He’s been on the SUN ’n FUN board for years, but chairman for just 18 months. Robert C. (Bob) Knight is head of Knight Industrial Equipment (a long-time Lakeland Airport tenant), an airport board member and community leader. He’s been flying out of LAL since 1965. That A-36 Bonanza of his, which he calls “my lifeblood,” is on its fourth engine and third turbo-normalizer.
“I am a very active chairman. This job is a tester,” he says, noting he’s devoting 60% to 70% of his time to SUN ’n FUN these days. “Lites (John Leenhouts, SUN ’n FUN president) and I are in contact every day. We are both a lot more hands-on.”
Board meetings are now once-a-month affairs, not three or four times a year. He sees the board taking more control and its committees becoming more functional. “They’re gonna be dumped on with responsibilities,” he says.
The Florida Air Museum, a non-profit that gets most of its proceeds from SUN ’n FUN operations, still exists. Knight dissolved the museum’s board, however, consolidating it with that of SUN ’n FUN and making Leenhouts president of both organizations.
“We were operating like two separate companies,” he notes.
The museum will be renamed this spring to represent its new function as a learning center, although “Florida Air Museum” may still be part of the moniker, he says.
He’s fully on board with new concepts. “We are no longer a once-a-year venue. We’ve got tons of space and parking.” And that can be put to work year-round, he said.
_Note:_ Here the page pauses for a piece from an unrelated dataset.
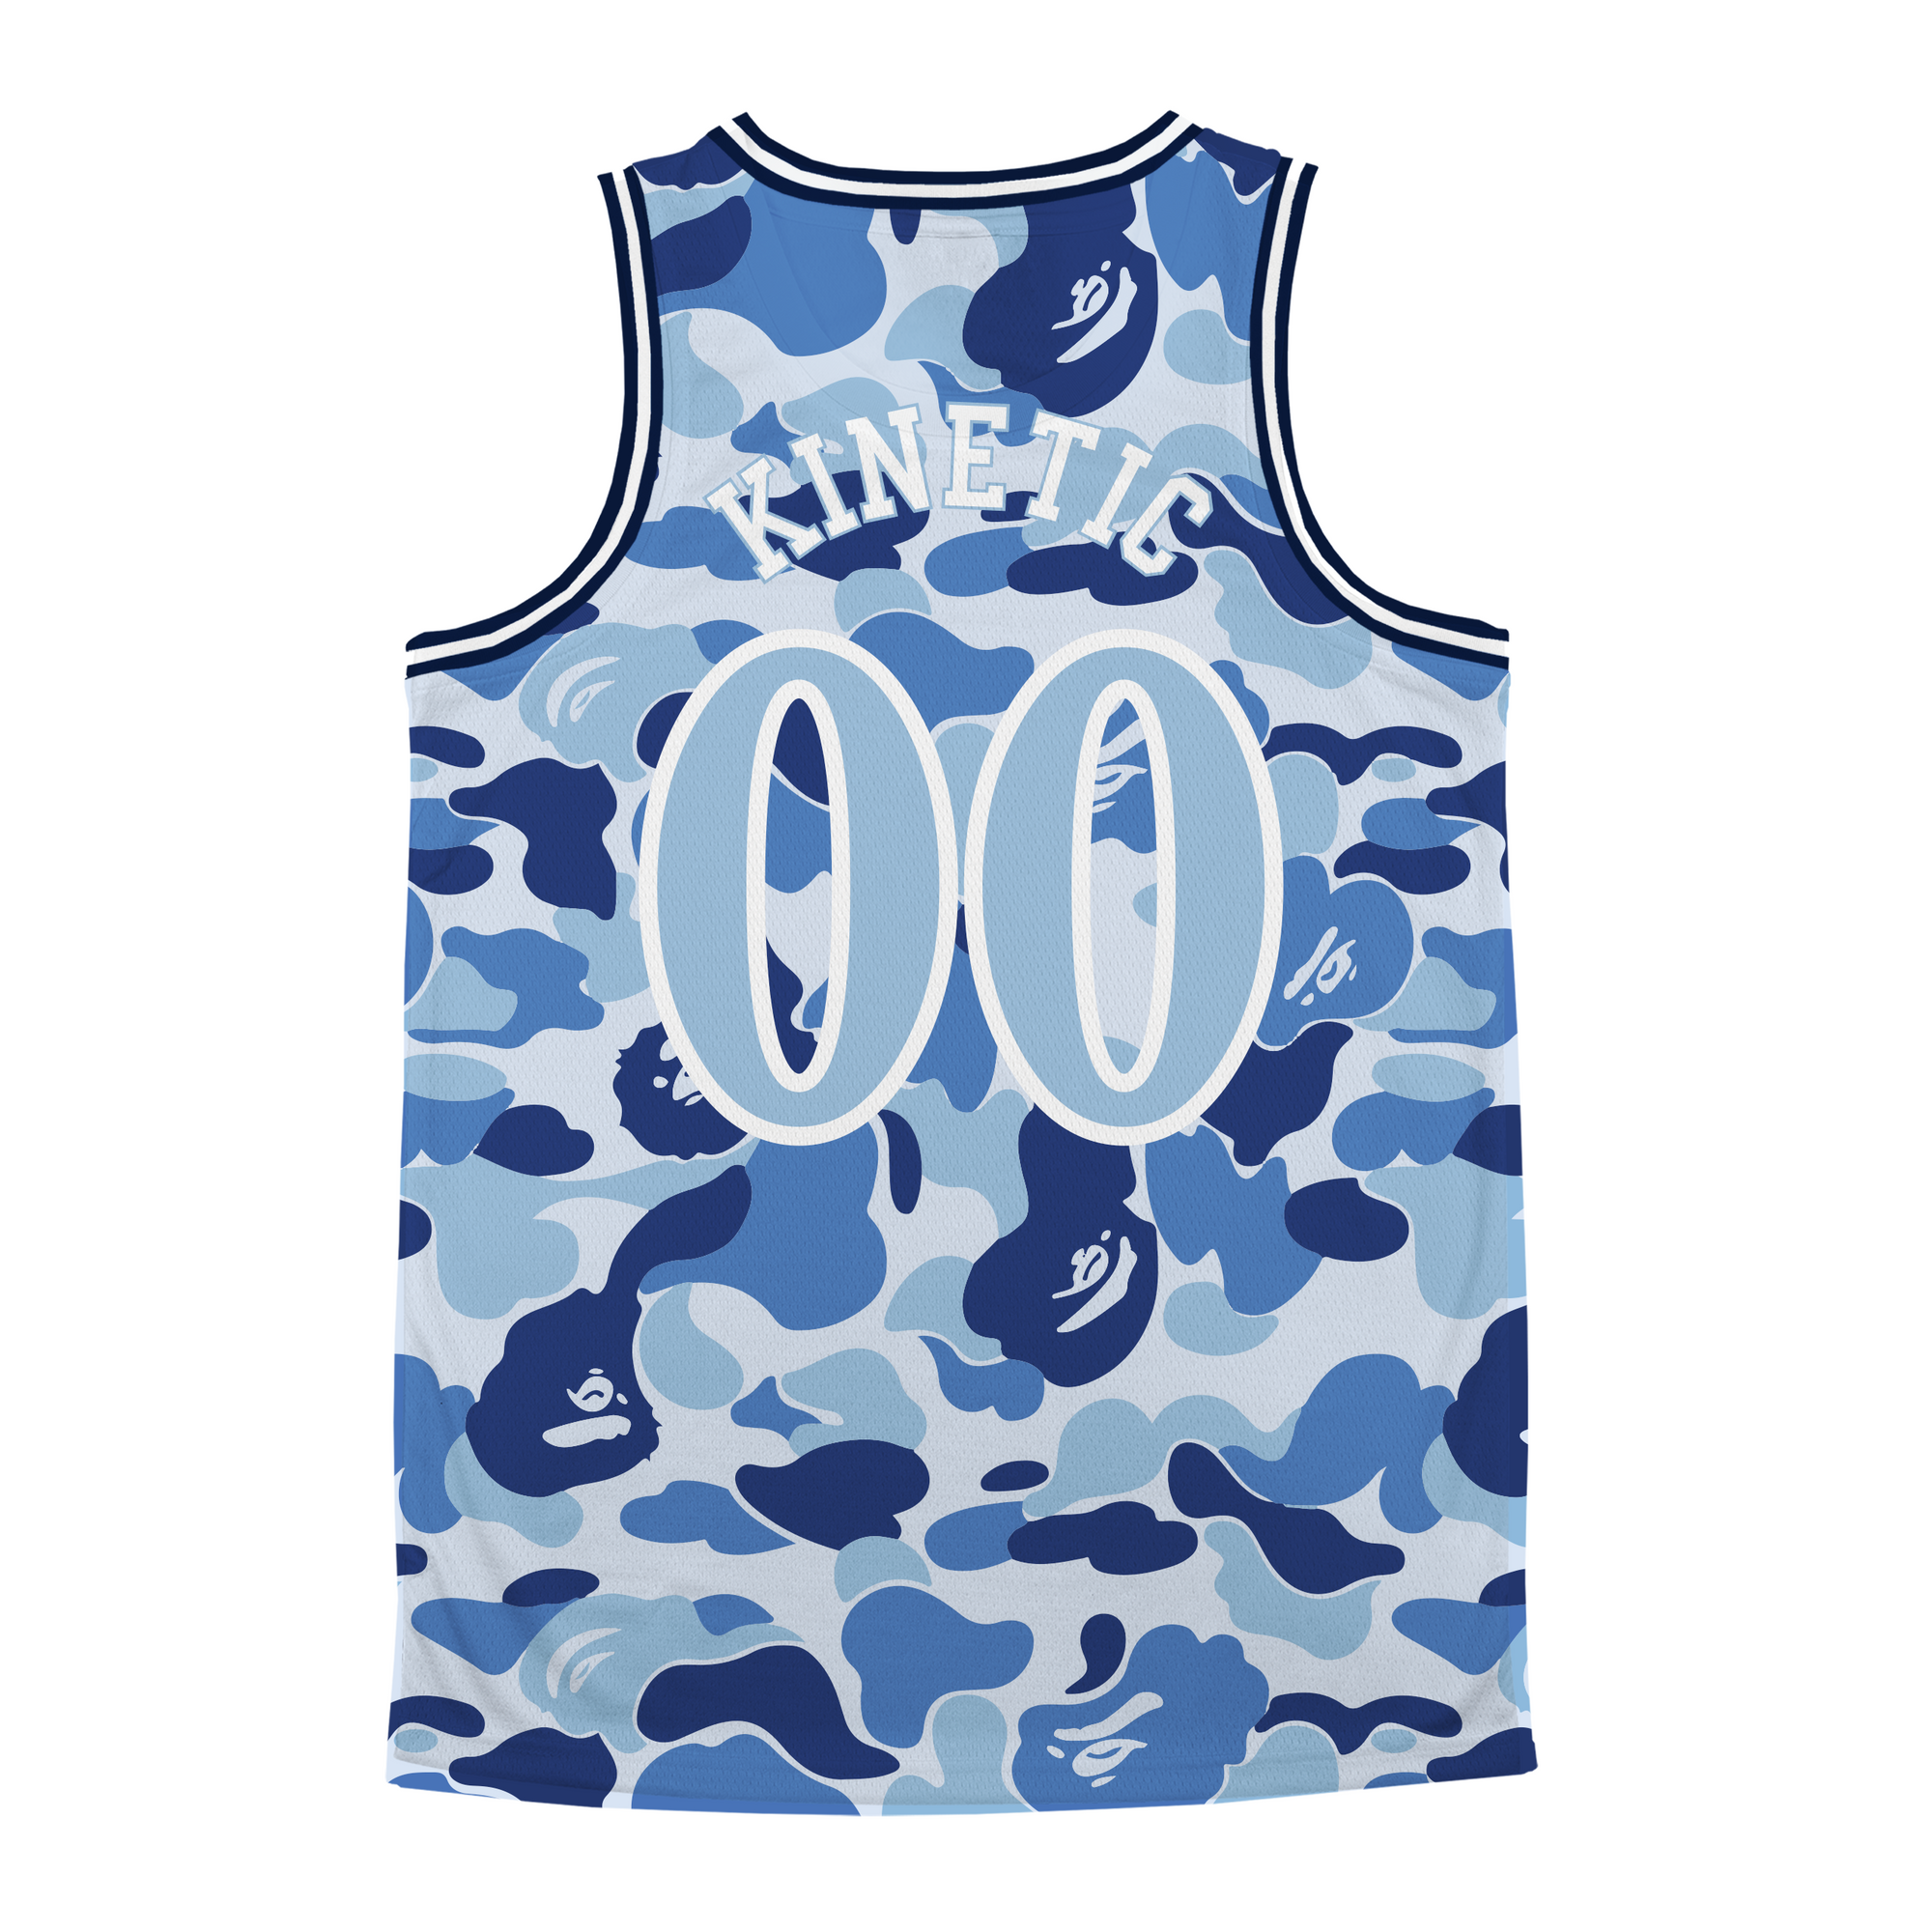 Alpha Tau Omega - Blue Camo Basketball Jersey

He believes that SUN ’n FUN’s expanded schedule can help “dig us out of a 10-year financial hole.”
SUN ’n FUN has been operating in the red, he says, but now “finances are improving.” Past building programs and other costs, including the 2011 tornado, meant SUN ’n FUN was “living on a line of credit.” The tornado dramatically proved that the organization “needs a nest egg,” he adds.
Knight also wants to “get back to the grassroots days” of the fly-in, but acknowledges that “kids today don’t relate to aviation’s good old days.” So he’s allowing the board to evolve through attrition and by establishing a new “Chairman’s Circle” of key local leaders — a source of potential future board members. That group will gather every three to four months for lunch or cocktails and discussion. The result: Insights (and support) from the community.
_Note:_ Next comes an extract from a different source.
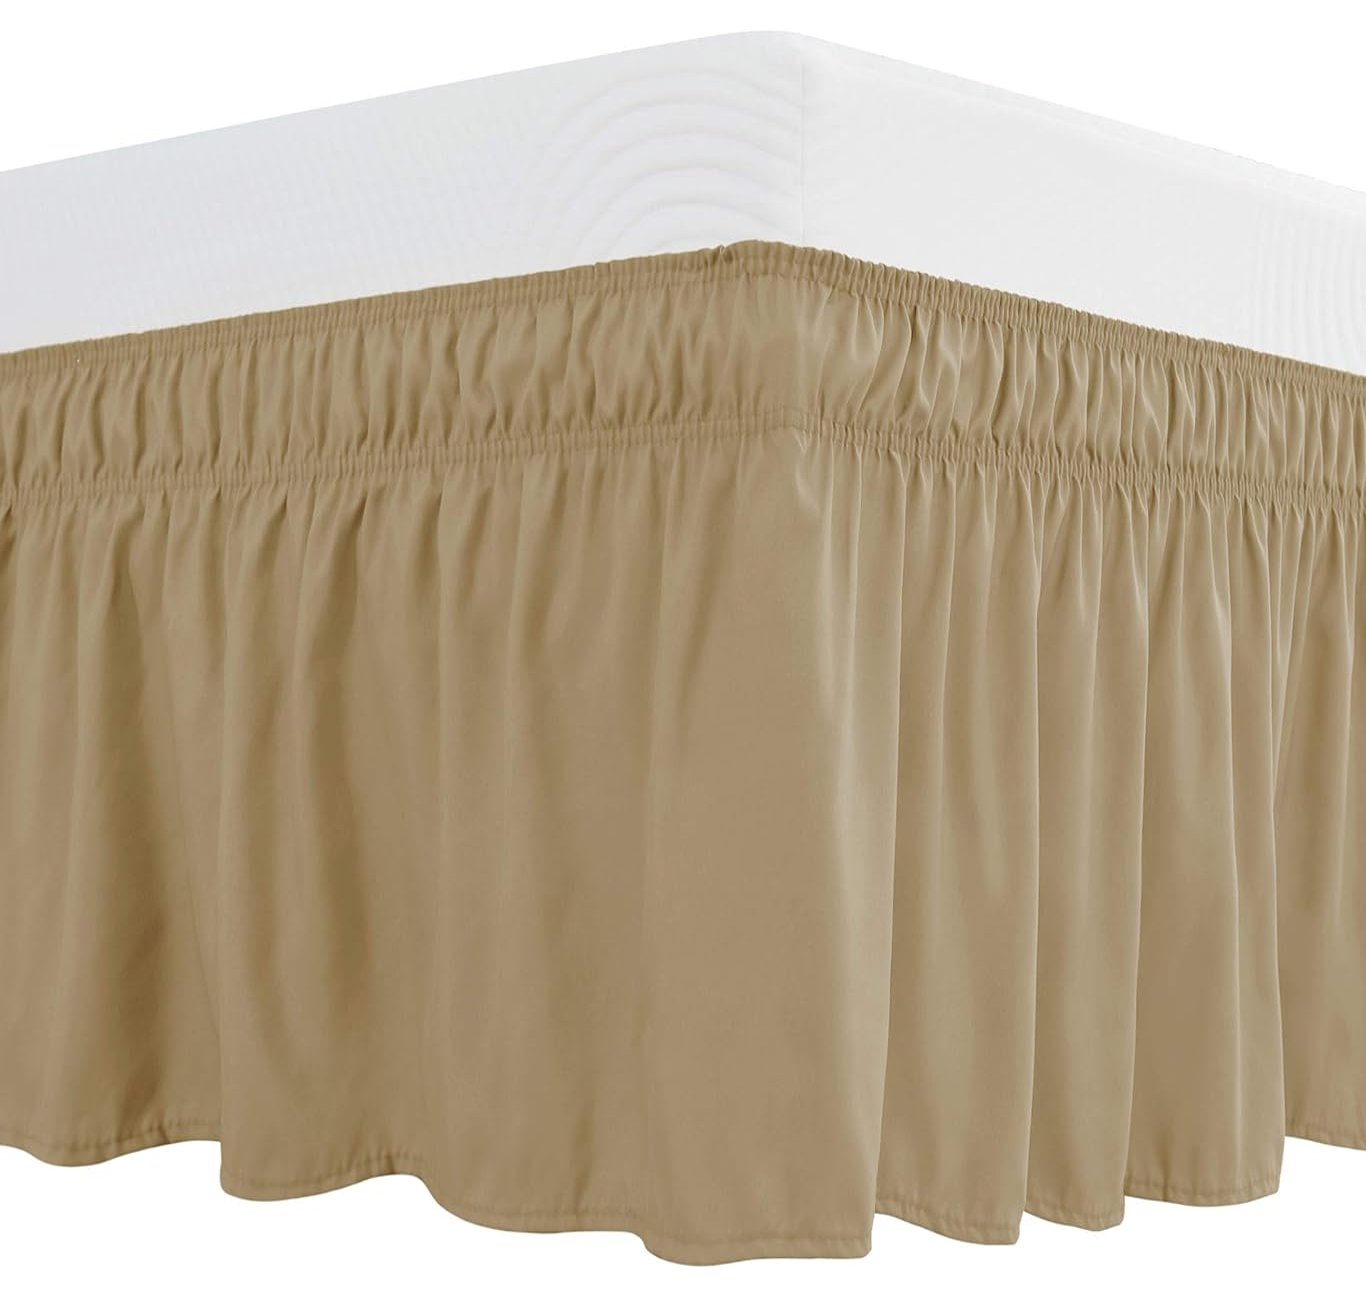 Subtex Easy Fit Bed Skirt: Microfiber, 16" Drop, Wrinkle & Fade Resistant

“Everything we’re trying to do is for education, but we’re a non-profit,” he notes. “Too many people have their hand out, not helping.”
Knight laments SUN ’n FUN’s recent image as a big, successful (and therefore cash-rich) enterprise, an image bolstered by past spending and image-polishing. “We need to earn more for important new activities,” he says. “We need more sponsors.”